The SShD of the individual face was measured by projection of the individual facial configurations onto a male–female axis that were determined a previous study30. In short, the male–female axis was calculated from 272 Turkish and Japanese men and women and defined the vector between the average facial configurations of males and females in the facial morphospace using the following equation31,81

$$\mathrm{SShD}\left(\overrightarrow{{F}_{i}}\right)=\frac{( \overrightarrow{{F}_{i}}\cdot \overrightarrow{{F}_{(m-f)}})}{{|\overrightarrow{{F}_{(m-f)}}|}^{2}}$$

where \(\overrightarrow{{F}_{i}}\) is the vector in the facial morphospace corresponding to an individual face i, and \(\overrightarrow{{F}_{(m-f)}}\) is the vector between male and female facial configurations (male minus female previously determined30. If SShD < − 1, the face is hyperfeminine, and if SShD > 1, the face is hypermasculine. We used mixed samples of Japanese and Turkish individuals to calculate the SShD because we aimed to extract vectors to represent sexual dimorphism with population affinity.

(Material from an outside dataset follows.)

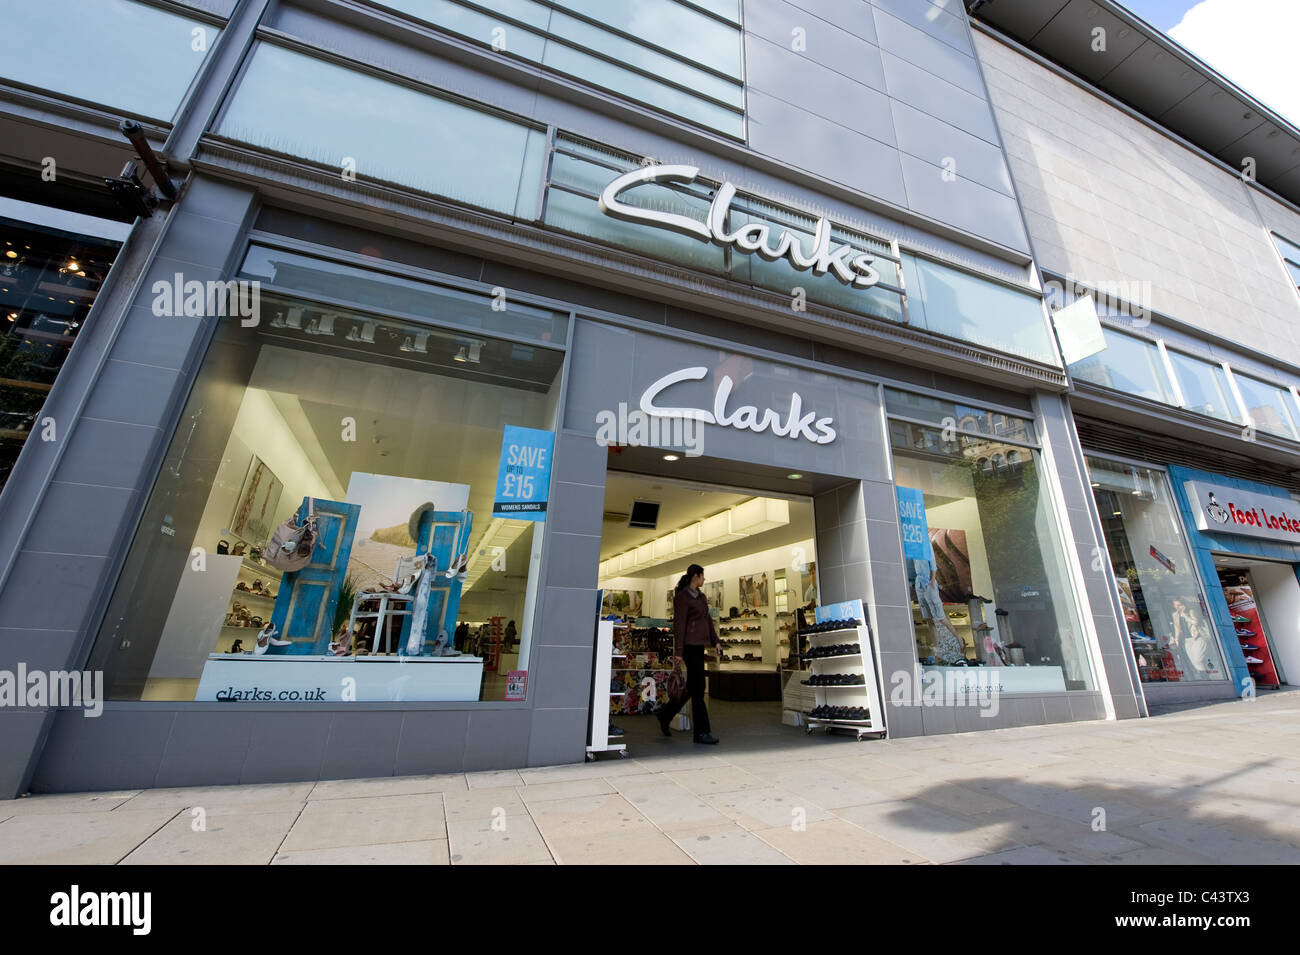 The storefront of the high street retailer Clarks on Market Street,  Manchester. (Editorial use only Stock Photo - Alamy

Measures of SShD were mathematically decomposed to allometric and non-allometric components. That is, variations in SShD due to an individual’s size (allometric) and variations that were independent of size (non-allometric) were examined in the overall variation in SShD in each population group using a multivariate regression analysis. CS was used as a measure of an individual’s size.

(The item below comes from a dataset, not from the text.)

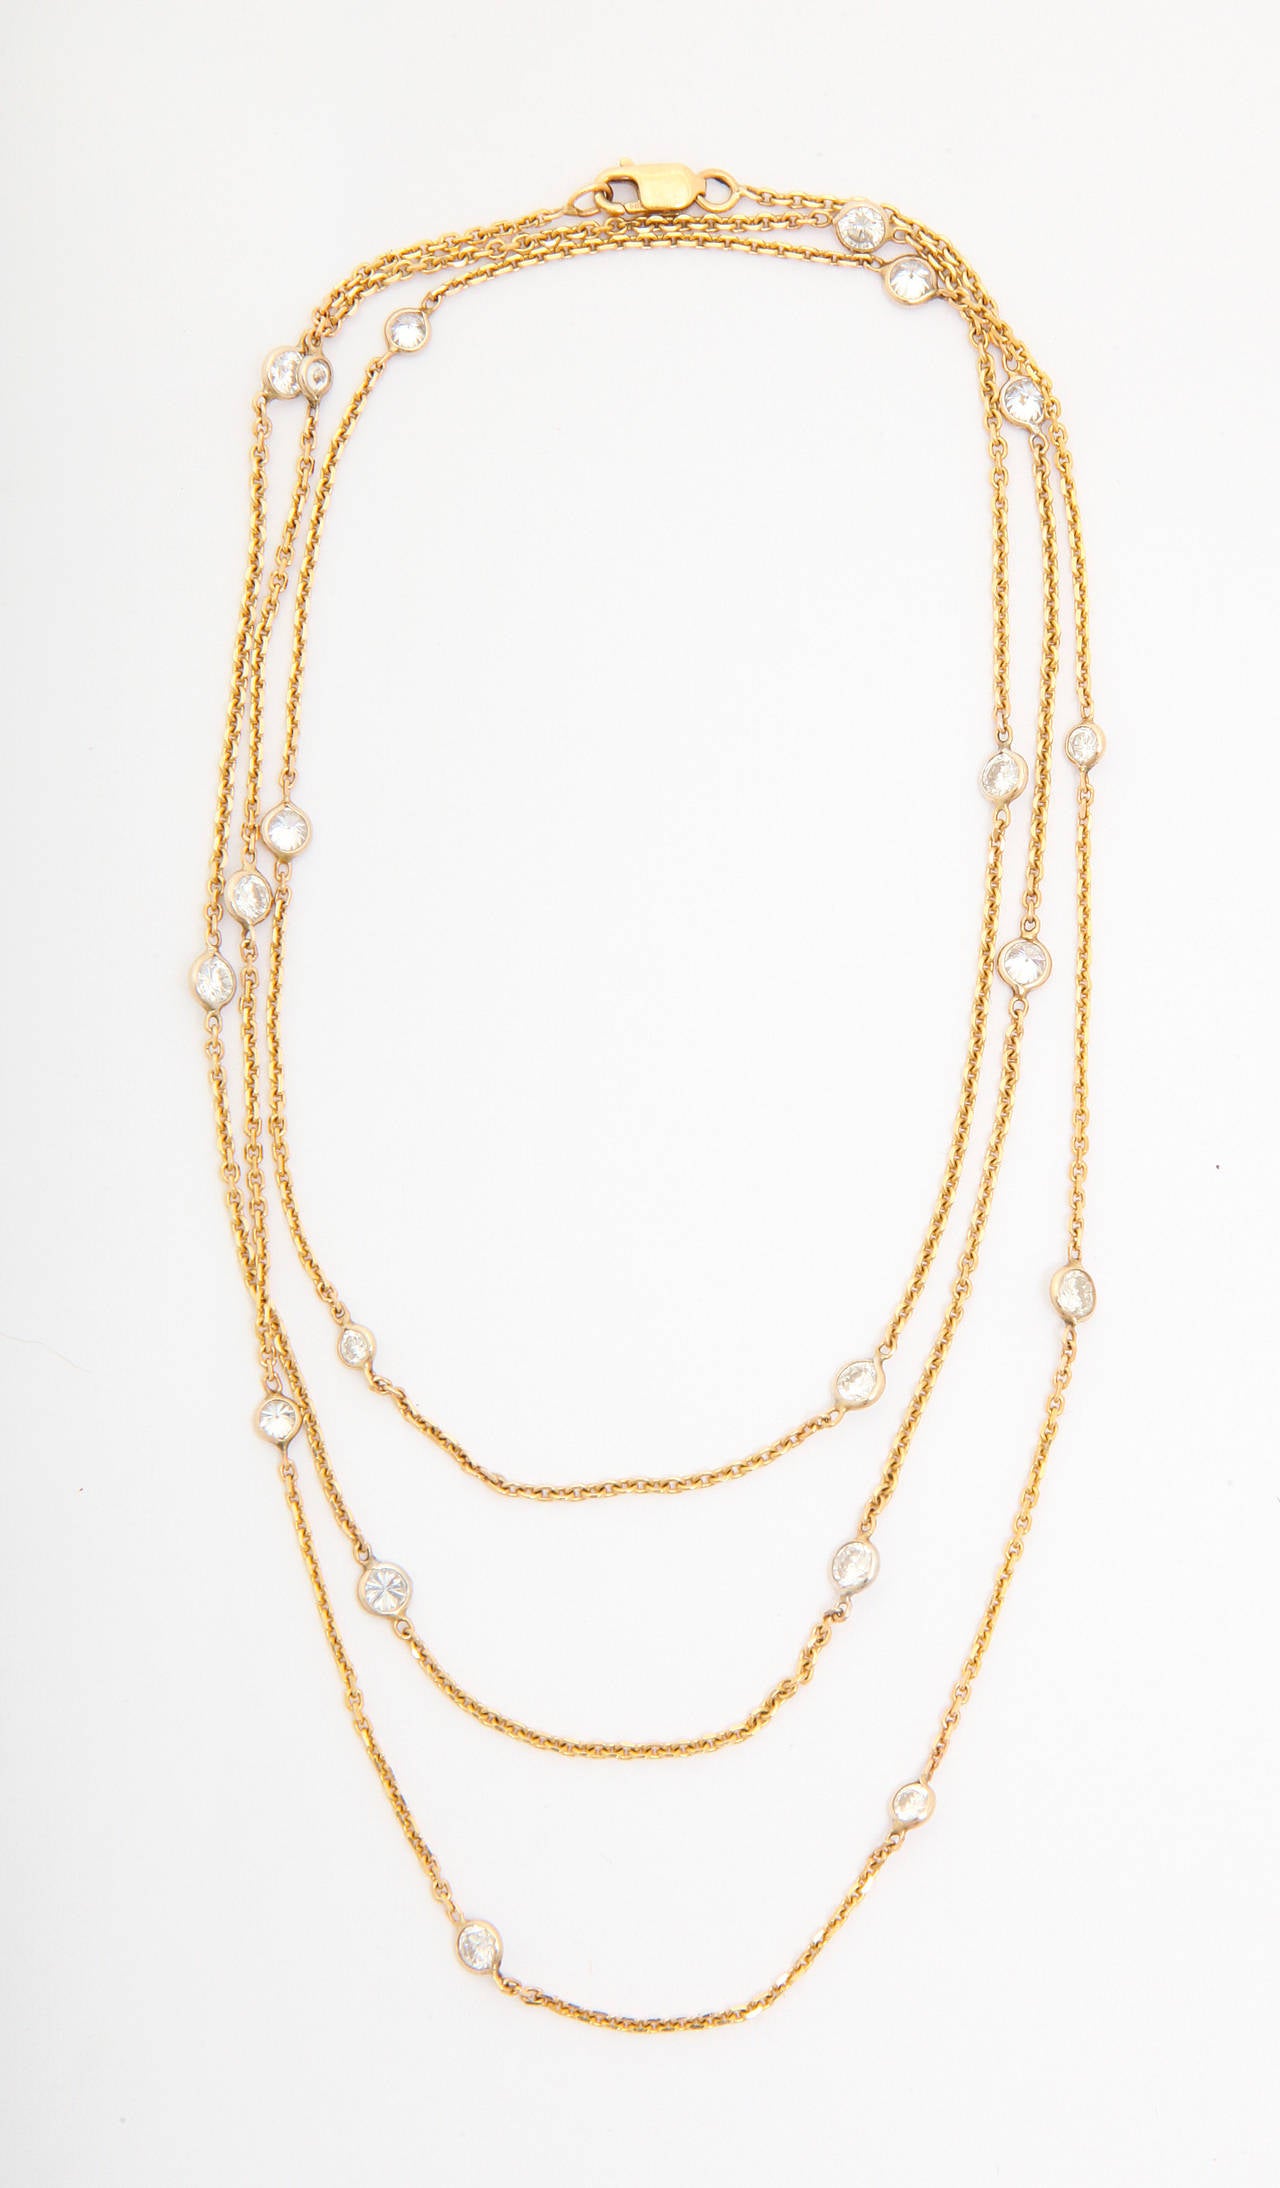 Diamonds by the yard long chain necklace in yellow gold. TOtal weight of the diamonds is approx. 2.5 cts. Of particular interest is that the stones are in various sizes, from 5 to 20 points each. Each stone is hand wrapped by the jeweler in a bezel

Inter-code subject group comparisons

The analysis of variance (ANOVA) and the Tukey–Kramer post-hoc tests were conducted to examine whether or not any nutrient content variable was specific to each code (i.e. pattern) and whether or not any eating behavior major scales were specific to each code.

In addition, the faces were examined by using a total of 17 variables were extracted as inter-landmark distances of the face (|Ac-Ac|, |Zy-Zy|, |Ch-Ch|, |Go-Go|, |Go-Go|/|Zy-Zy|, |N-En|, |N-Sn|, |N-Zy|, |N-Prn|, |N-Ls|, |Sto-Gn|, |Ls-Li|, |Gla-Sn|/|Sn-Gn|, |N-Gn|/|Zy-Zy|, |Gla-ls|/|Zy-Zy|, |Gla-ls|/|Zy-Zy|, |Ps-Pi|; For definition, please see Supplementary Fig. S1 and Supplementary Table S7). Facial size differences between individuals were also standardized by normalizing the values of all linear variables to the distance between right and left exocanthions. ANOVA and the Tukey–Kramer post-hoc tests were conducted to these facial variables in addition to CS, SShD, allometric SShD, non-allometric SShD to examine if there were any differences between the codes.

Further, adjunctive data for health history, which were assumed as relevant to the dietary conditions (i.e. physical activity level, duration of physical exercises, birth weight, 2-year change in weight, sleep duration, and menarche age) were also collected from each participant for inter-code subject group comparisons. Physical body composition (e.g. weight, total fat mass) and adjunctive data for health history were also compared between codes.

p values were adjusted for multiple comparisons using the Benjamini–Hochberg method in order to control the false discovery rate82. Adjusted values of p < 0.05 were significant for all statistical tests.